The molecular mechanisms of other putative secreted pathogenicity factors/effectors by which phytoplasma manipulate their hosts are not known, making the understanding of the general mechanisms of phytoplasma interaction with host plants elusive. However, a recent study suggests that phytoplasma has a unique infection strategy and that their effectors have unusual targets (Marrero et al., 2020). In addition to effectors released in plant and insect host cells, phytoplasma membrane–associated proteins are also important for potential recognition or interaction with the host. For example, the major antigenic membrane protein (Amp) of ‘Ca. P. asteris’ OY in insects co-localizes with microfilaments of intestinal tract muscles and can form complexes with actin and myosin heavy and light chains and ATPase subunits. It has been suggested that these interactions may be insect species specific (Suzuki et al., 2006; Galetto et al., 2011), but their role, if any, in the plant cell is unknown.
‘Ca. P. solani’ from ribosomal group 16SrXII-A (Quaglino et al., 2013) is associated with the most widespread phytoplasma grapevine (Vitis vinifera) disease in Europe, namely, Bois noir (Dermastia et al., 2017), and with stolbur disease of plants belonging to family Solanaceae, including potato (Solanum tuberosum), tomato (Solanum lycopersicum), and tobacco (Nicotiana sp.). Solanaceous disease is already a growing problem in Serbia (Mitrović and Duduk, 2011; Mitrović et al., 2016), Romania (Ember et al., 2011) and Turkey (Çağlar et al., 2010) and has occurred sporadically in Central Europe including Germany (Preiss et al., 2008).

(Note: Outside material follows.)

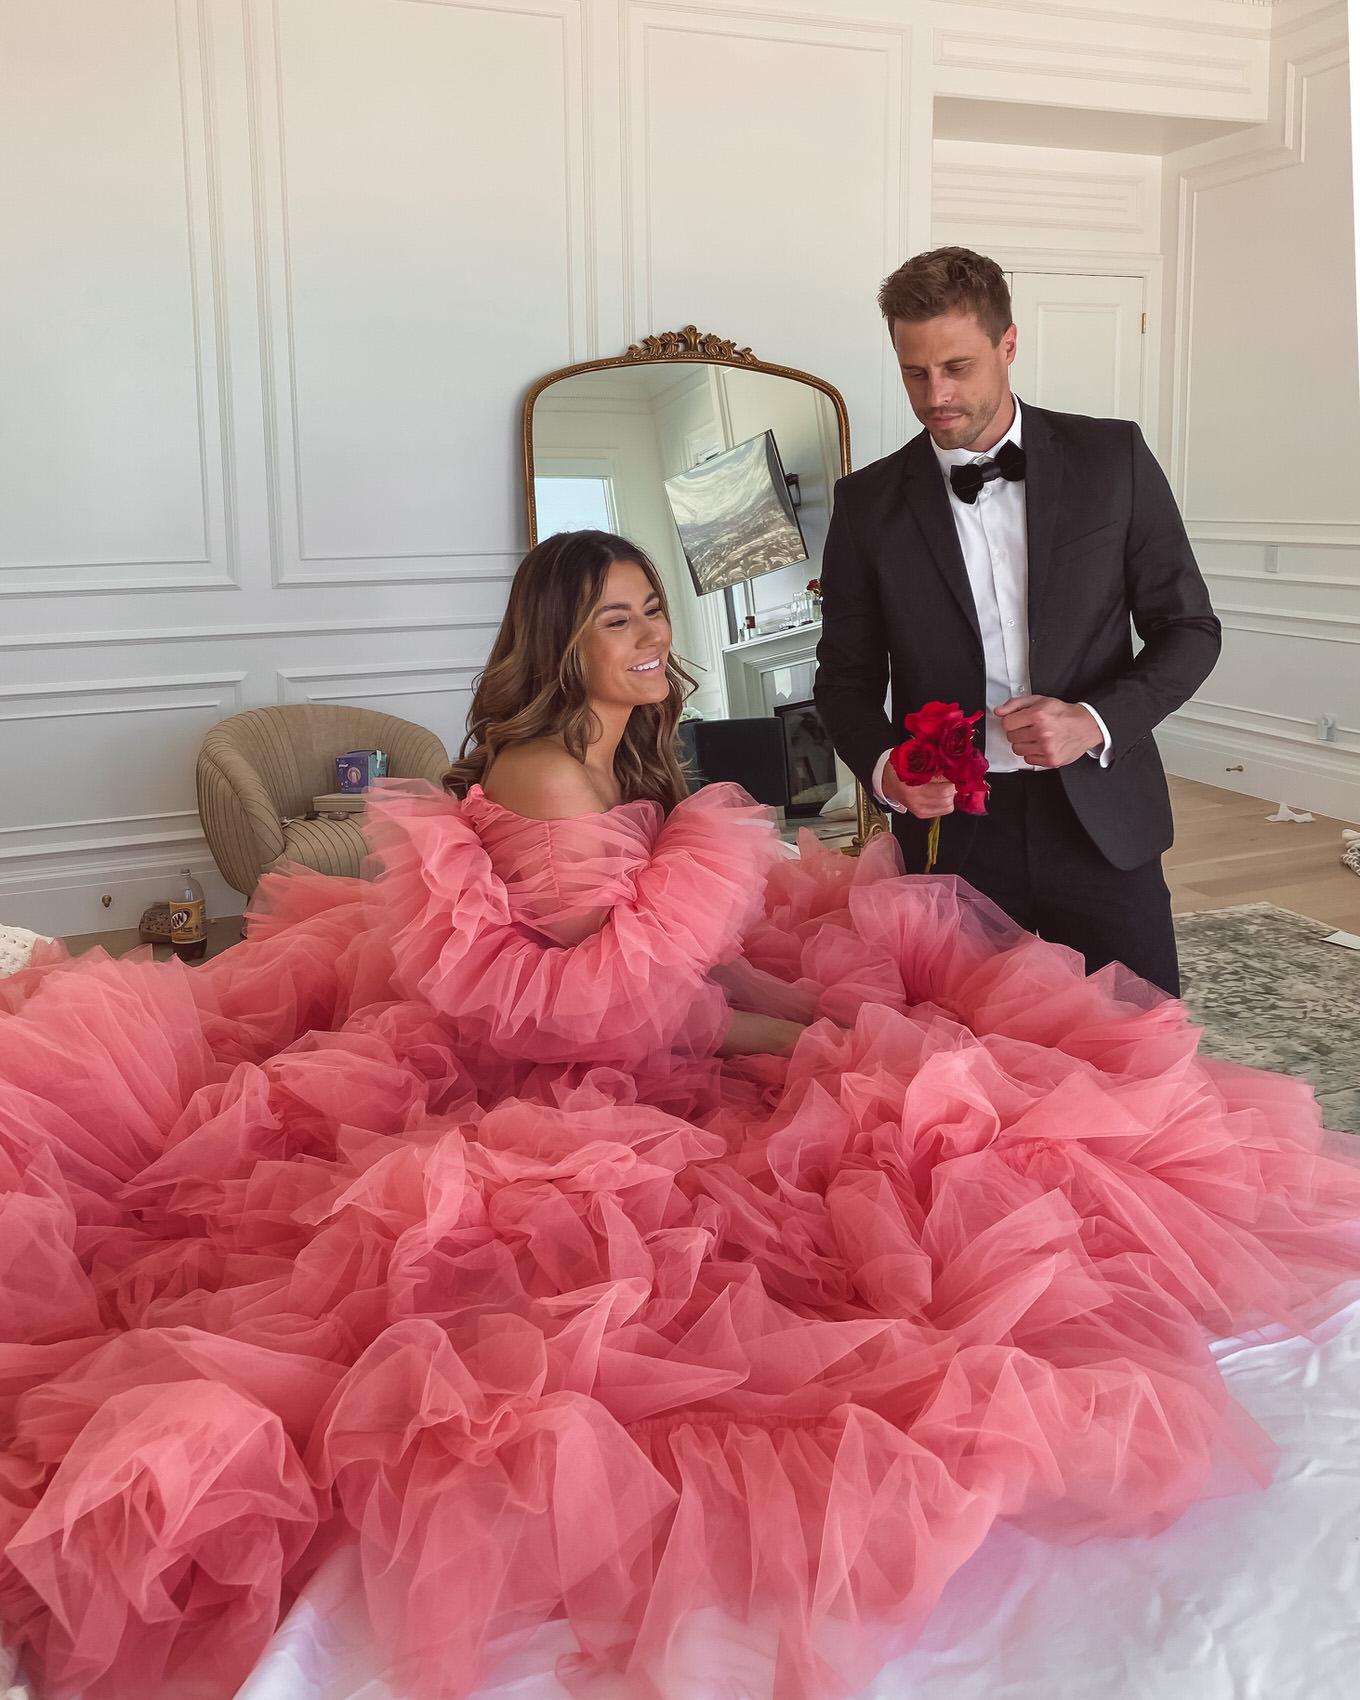 amazing valentine's dress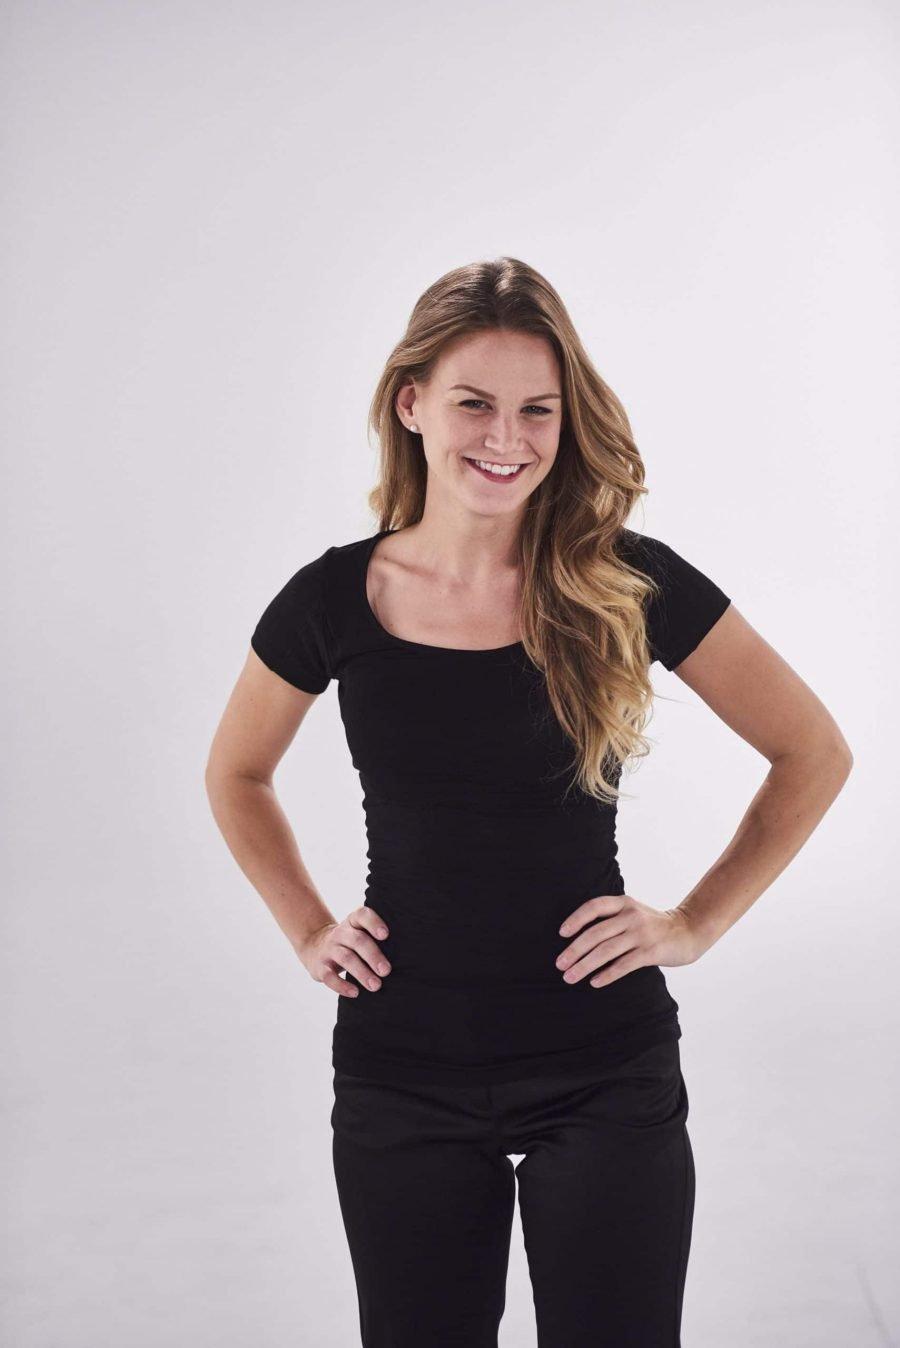 The TopDry Sweatproof Women Scoop Neck Undershirt Black

Recently, severe outbreaks have been reported, especially in potatoes in eastern Austria (personal reports of G. Brader and M. Riedle-Bauer).
Studies on the interactions between host grapevines and ‘Ca. P. solani’ regarding transcription, regulation, proteins, and metabolism show that infection affects biotic stress signaling, hormonal balance, photosynthesis, oxidative stress processes, and secondary metabolism (Hren et al., 2009; Balakishiyeva et al., 2018; Rotter et al., 2018; Škrlj et al., 2021; Dermastia et al., 2021). All these studies also indicate that carbohydrate metabolism is severely impaired in infected grapevines, as evidenced by the altered activity of the corresponding enzymes and/or genes encoding them. In addition, a combined analysis of high-throughput RNA sequencing (RNA-Seq) and small RNA sequencing (sRNA-Seq) data from cv. ‘Zweigelt’ infected with ‘Ca. P. solani’ at the beginning and at the end of the growing season showed that the early growing season is very dynamic in asymptomatic grapevines at the transcriptional level, whereas the regulation at the small RNA level is more pronounced later in the season when symptoms develop in infected grapevines. Most differentially expressed small RNAs were associated with biotic stress (Dermastia et al., 2021).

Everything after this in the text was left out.